We feel that Flexion practices are very much aligned with the U.S. Digital Services Playbook. Where this narrative provides evidence for that, we have noted with a parenthesized number of the play. For instance, if an item provides evidence of following play 2, it will be noted as (2).

Our choice of prototype was driven by personal experiences of friends, family and team members (1). The last thing anyone wants when putting on a picnic is to use recalled food that would put family and friends at personal health risk. Oftentimes when shopping for food you might remember vague details of a food recall, or wish to proactively check for recalled food.

Given the abbreviated nature of the delivery, we rapidly assembled an experienced cross-functional team (7) with a clear leader. Brice Ruth was assigned as the accountable leader (6) and quickly acted to set up an appropriate team workflow and technological framework that is described in more detail below. We then began developing the solution via approximately two-day iterations. This is shorter than our typical delivery cycle, which varies by client, but the work breakdown and general project flow is still representative of a typical iteration. In the absence of other constraining factors we would normally advocate for two-week iterations (4).

For ease of reviewing our integrated development process we have utilized the GitHub issue tracker, creating tasks for code review, design deliverables, acceptance criteria, infrastructure decisions, infrastructure implementation and of course feature development and test tasks. If you are interested in understanding our process, the information there should provide good insight. However, since github tasks are not in the repository we have extracted a JSON view of them and stored them under revision control in the evidence/issues.json file for review and supporting evidence.

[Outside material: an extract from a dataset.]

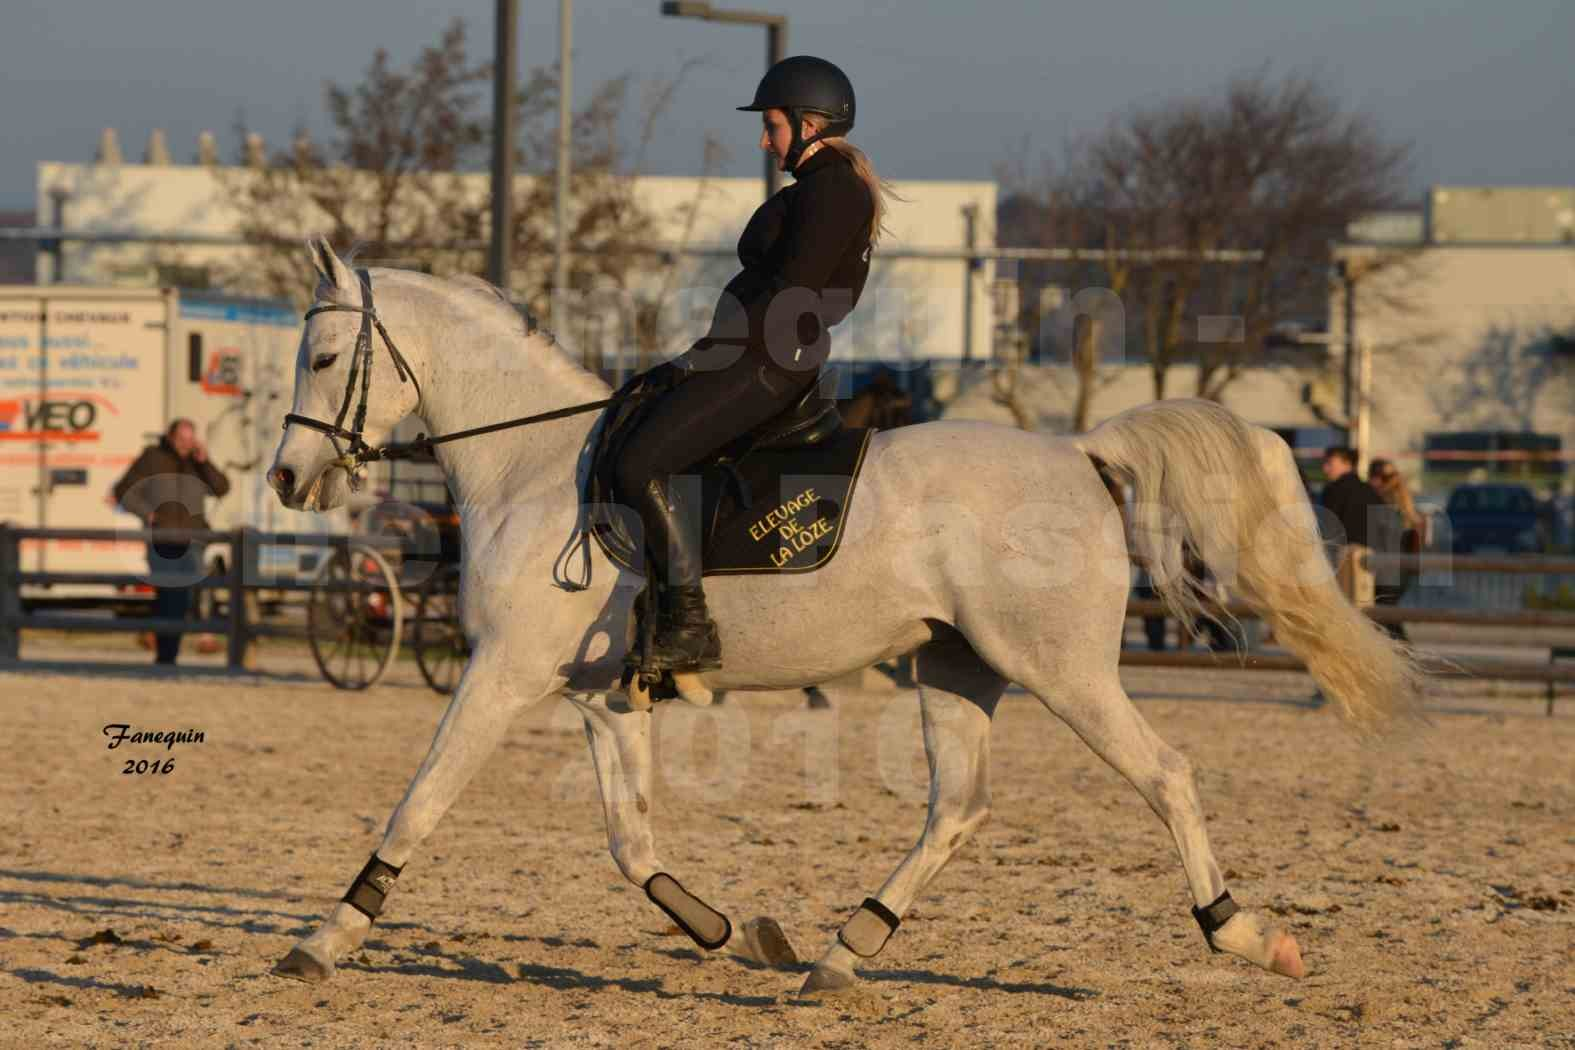 Cheval Passion 2016 - Présentation extérieure de chevaux Arabes montés - 17

For development and design artifact workflow we used a develop branch and individual features merged via pull requests from feature-specific branches. This was merged to master for evaluation purposes. Feature branches were merged after peer or project lead review and passing unit (Jasmine) tests (4). Continuous integration activity including automated testing was executed via a CircleCI cloud-based CI environment integrated into our GitHub repository (10).

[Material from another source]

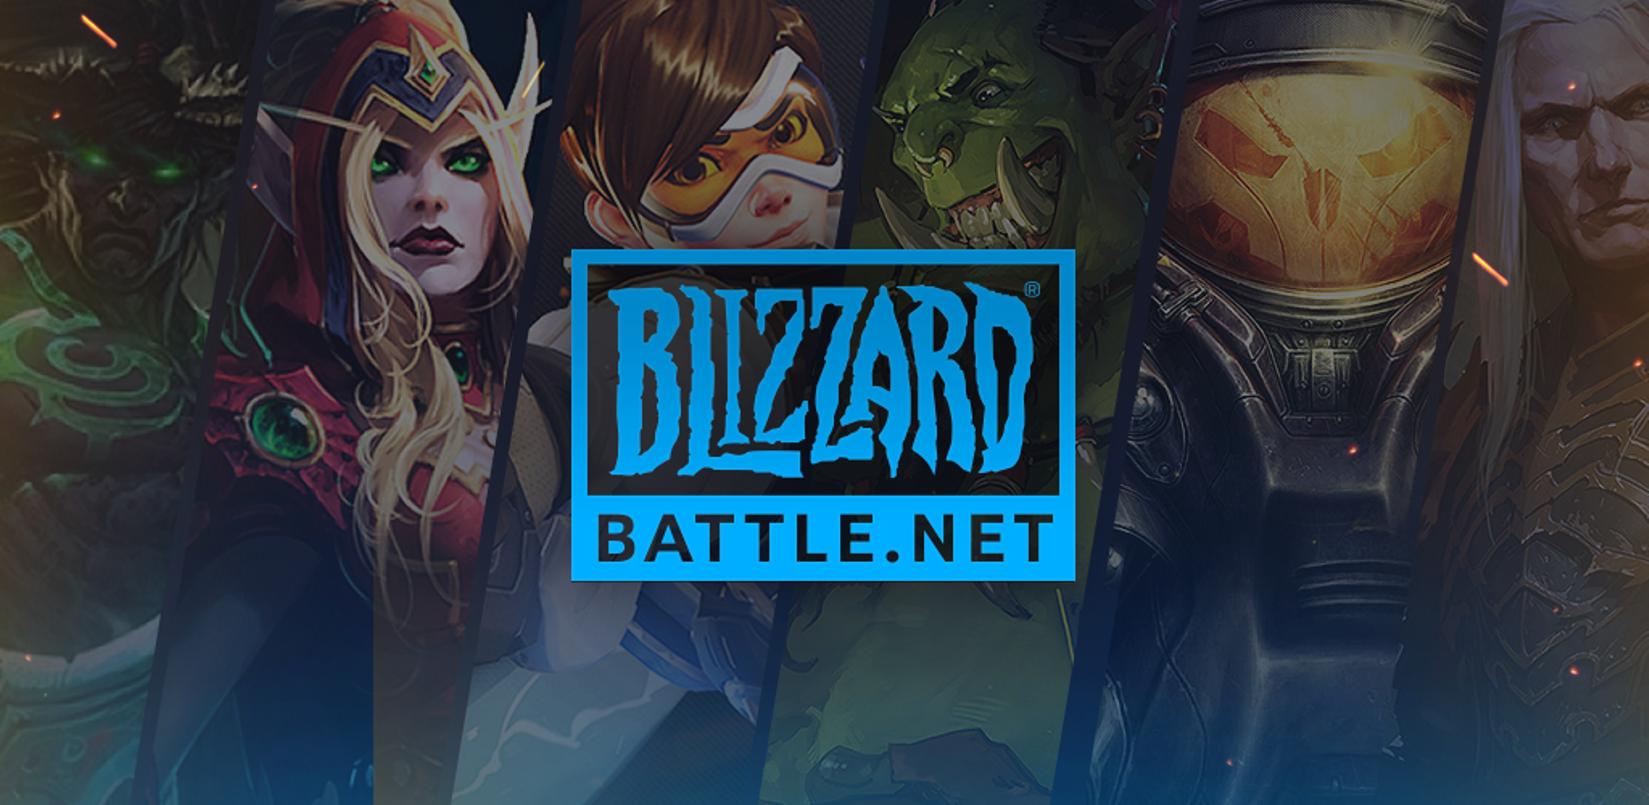 Группы и упоминания теперь доступны и в мобильном приложении Battle.net

Platform, architecture, technology and framework choices were made during an initial iteration 0 and informed by the constraints of the RFQ. We implemented a fundamentally responsive JavaScript solution with Bootstrap, AngularJS, CoffeeScript and Jade for the frontend and Node.js and Express for the backend (8). Data is accessed from https://open.fda.gov/food/enforcement/ in a RESTful manner. At Flexion we are long-time advocates of commercially-hardened open source, and have used open technologies to create and host our prototype. This prototype is released under a CC0 license as described in the LICENSE.md file and other components are licensed with MIT, MIT, Apache v2.0, BSD, GPL v2 and GPL v3 licenses (13).

Development-local test environments were automated using Grunt with a revision-controlled Dockerfile available for containerized testing when necessary or for running a standalone environment.

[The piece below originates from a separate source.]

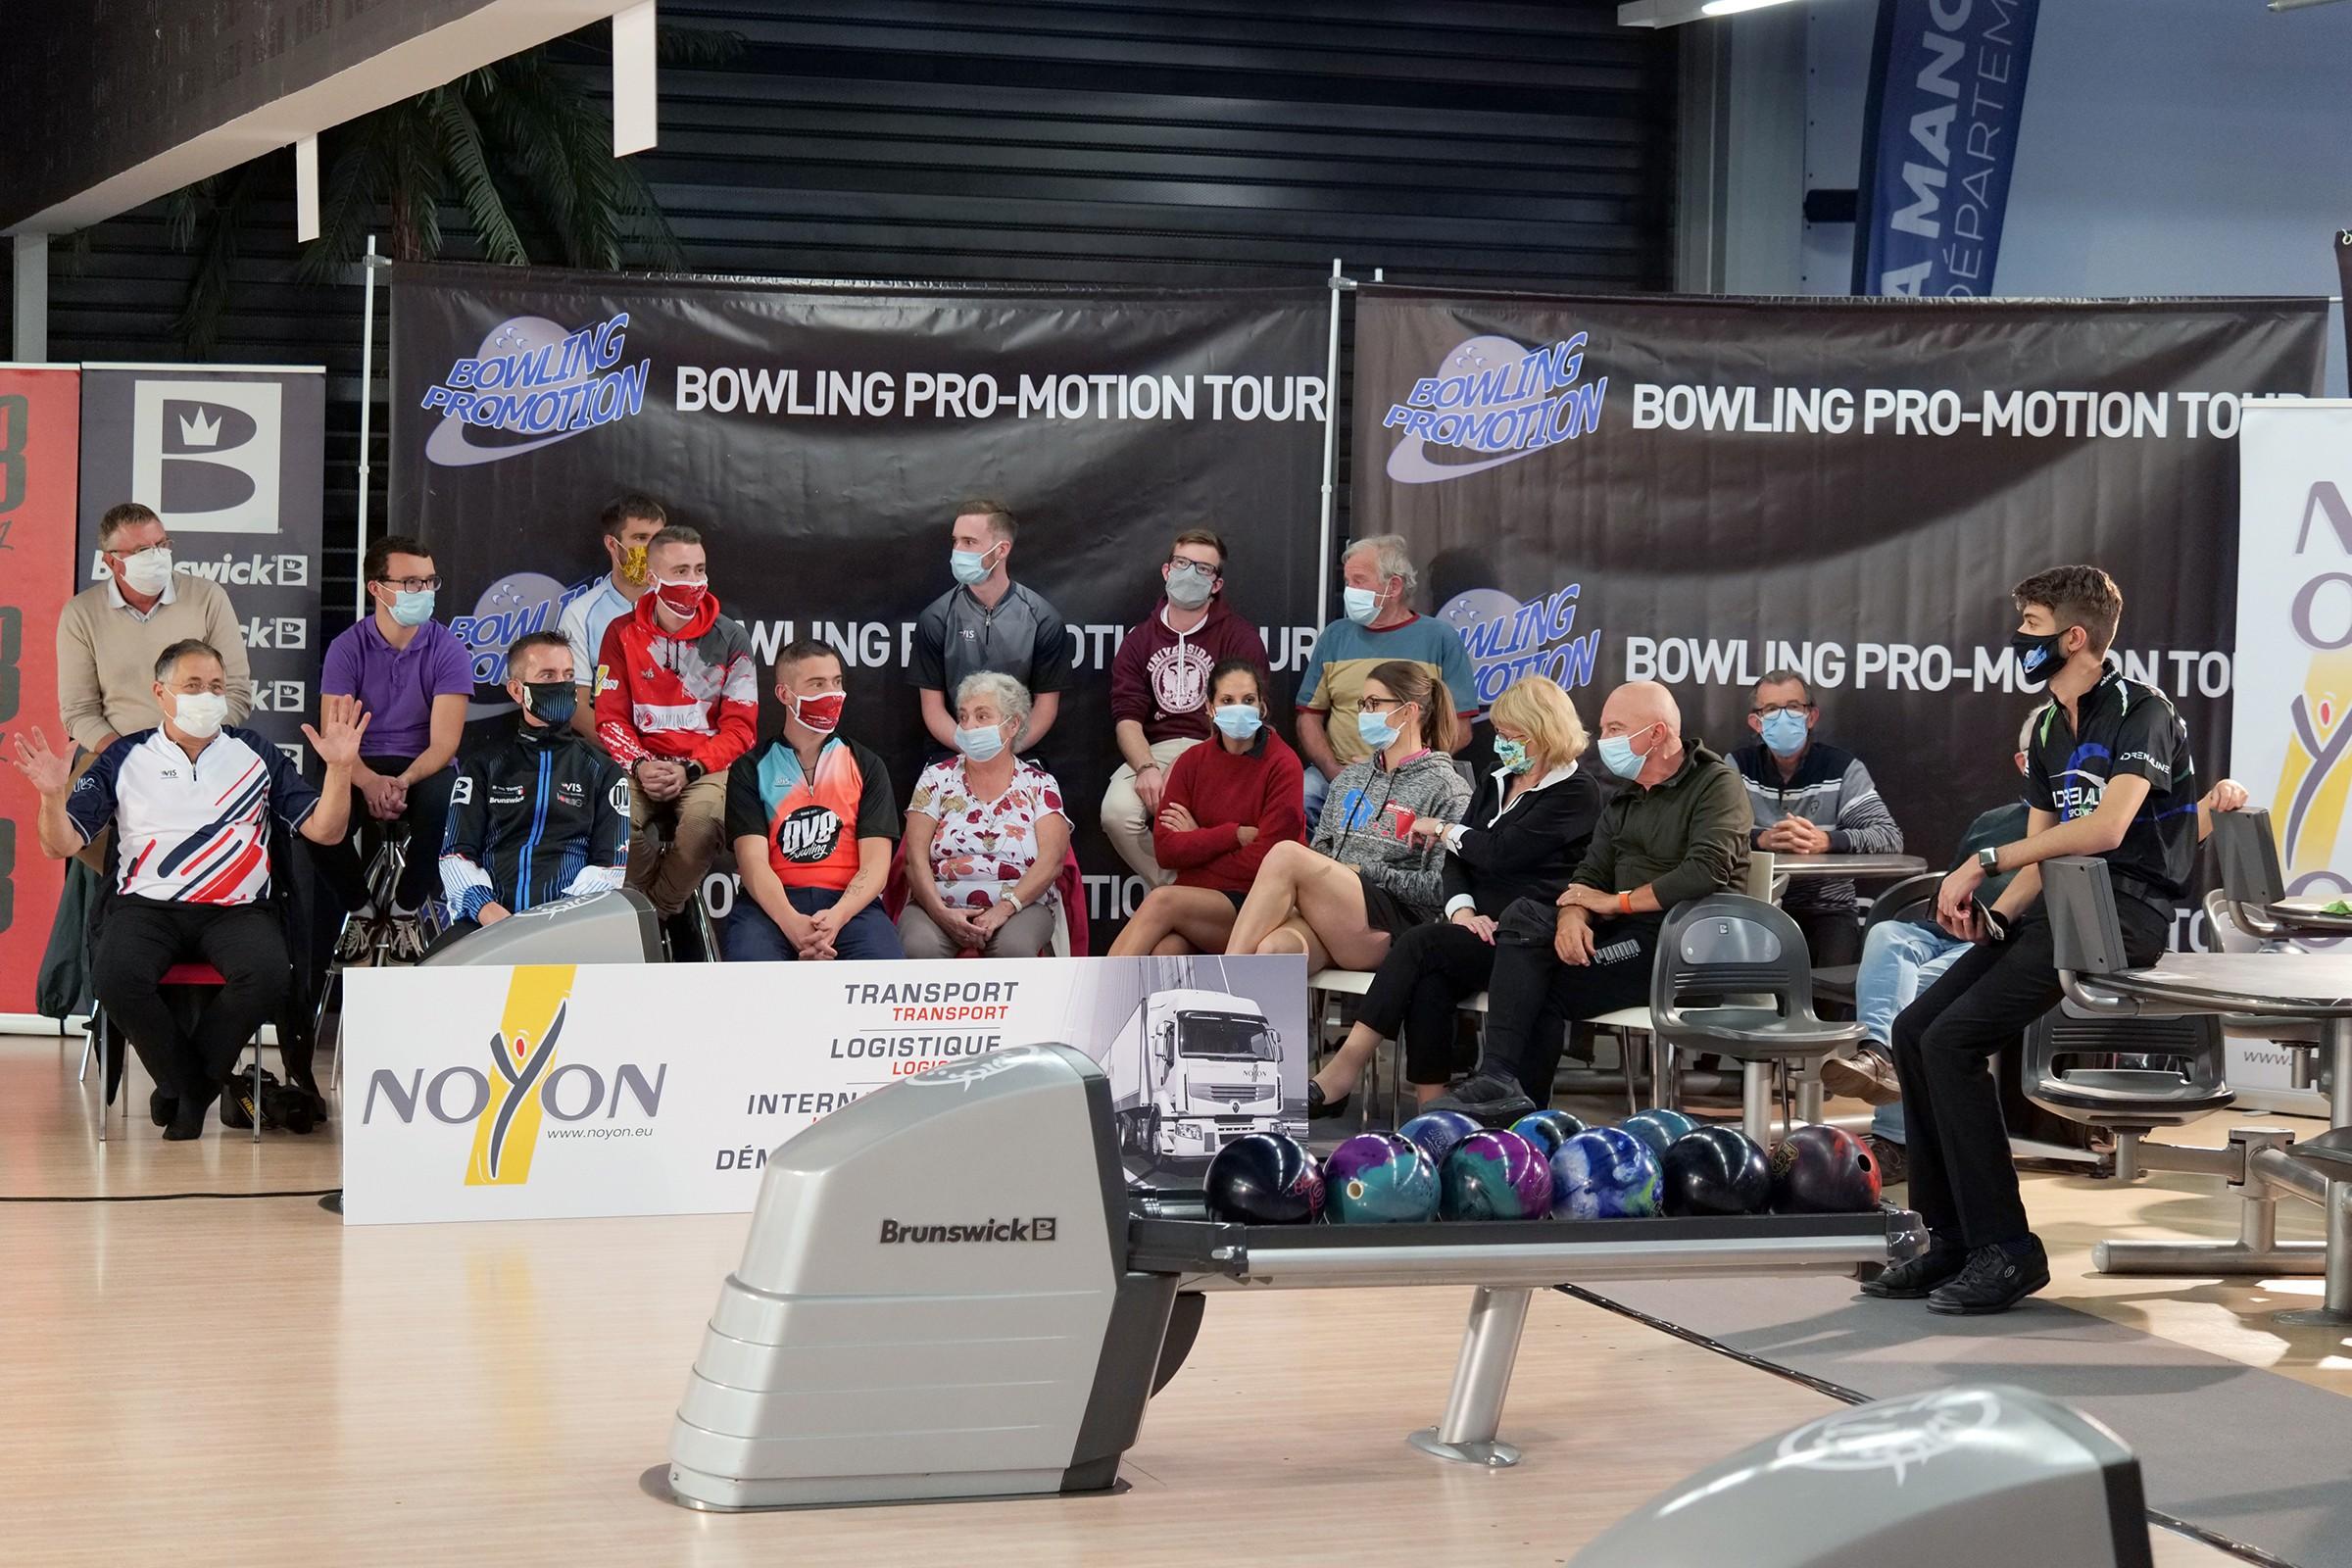 Bowling promotion tour 2020 saint lo photos ruel alain 005

A publicly-accessible instance of the prototype is accessible using the url at the top of this document. It is running in a Docker container on Amazon EC2 infrastructure (9), provisioned via the automated process documented in RUNNING.md file in the root of the repository (11). The publicly-available prototype is monitored continuously using Amazon CloudWatch.

Additional instructions are included in RUNNING.md for running this prototype on another machine, including either a lightweight “grunt serve” approach or a local containerized Docker approach (9).

The creation of this prototype was done in the typical Flexion manner: we take pride in our productivity and had a lot of fun delivering useful functionality in an agile, high-velocity manner as a high-functioning team using modern and open tools. We appreciate the non-traditional approach manifested in this RFQ and are philosophically very aligned with its tenets. We hope to be able to bring our agile skills to bear for the Federal government and 18F.